The provider system 200 (FIG. 4) also includes an XML processing module 214, which may include one or more dedicated processing modules, illustrated as modules 240, 242, 244, 246, and 248. In the exemplary system 200 these modules perform, respectively, text segmentation, text ordering, ToC detection, header/footer detection, and image segmentation and ordering. These modules are discussed below with respect to the method of FIGS. 5. As will be appreciated, rather than several modules as shown, two or more of modules 240, 242, 244, 246, and 248 may be combined into a single module.
In the exemplary embodiment, components 110, 210, 112, 212, 114, 214, 116, 216, 118, 218, 119, 120, 220, 121, 221, 240, 242, 244, 246, and 248 comprise software instructions stored in respective main memory 108, 208, which are executed by the respective computer processor 122, 222. The processor 122, 222, such as the computer's CPU, may also control the overall operation of the respective computer systems 100, 200 by execution of processing instructions stored in memories 108, 208 and/or 106, 206. Hardware components 102, 104, 106, 108, and 122 may be communicatively connected by a data control bus 132. A similar data control bus 232 for device 200 connects hardware components 202, 204, 206, 208, and 222.
As will be appreciated, systems 100, 200 may include fewer or more components/modules while still having the same functionality. For example, components 112, 114, 116, 118, 119, 120, and 121 may be combined to form fewer components, or may be functionally separated to form more individual components. The same may apply to components of device 200.
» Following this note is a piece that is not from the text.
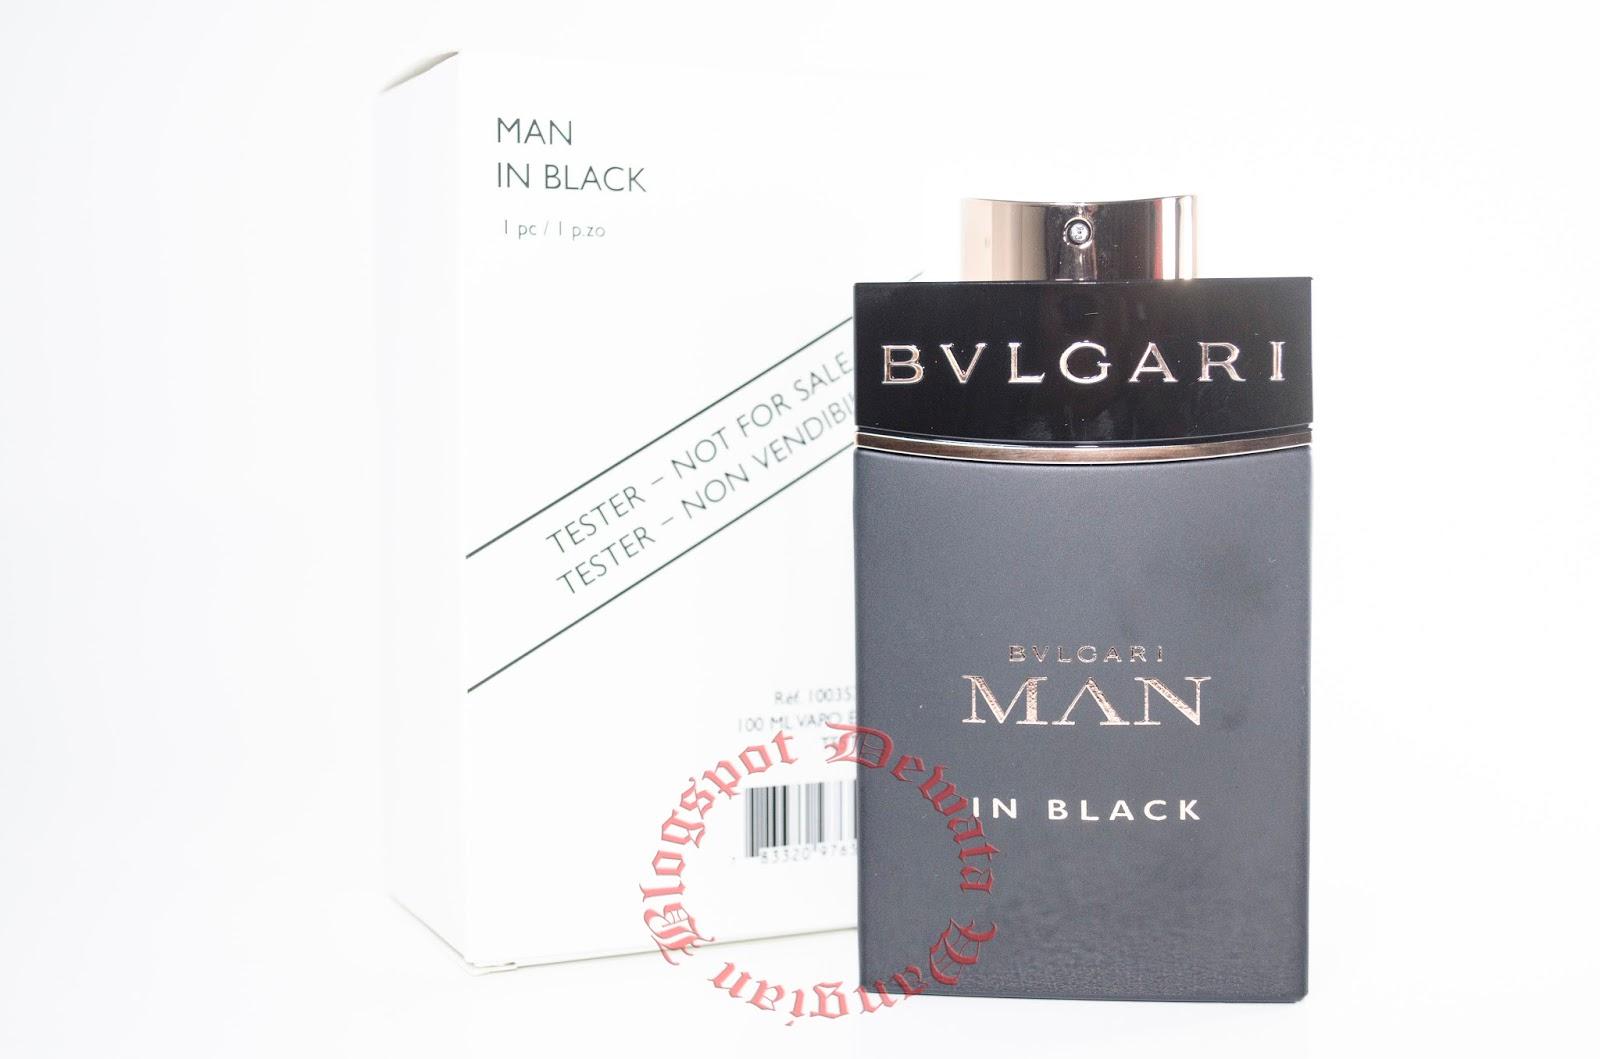 Perfumes For Guys V4 Restock Parfum The Body Shop Original Reject White Musk Sport Edt 100 Ml Imghttp 1bpblogspotcom 6bxdte1 I8 Votin8plehi Aaaaaaaafiw E29y46iugmc S1600 Bvlgarimaninblacktester

The client system 100 and encrypted XML processing service provider system 200 may each comprise one or more computing devices, such as a personal computer, PDA, laptop computer, server computer, or combination thereof. In some embodiments, the systems 100, 200 may be incorporated into an overall distributed architecture. Memories 106, 108 (206, 208) may be integral or separate and may represent any type of computer readable medium such as random access memory (RAM), read only memory (ROM), magnetic disk or tape, optical disk, flash memory, or holographic memory. In one embodiment, the memories 106, 108 (206, 208) comprise a combination of random access memory and read only memory. In some embodiments, the processor 122 (222) and memory 106 (206) and/or 108 (208) may be combined in a single chip.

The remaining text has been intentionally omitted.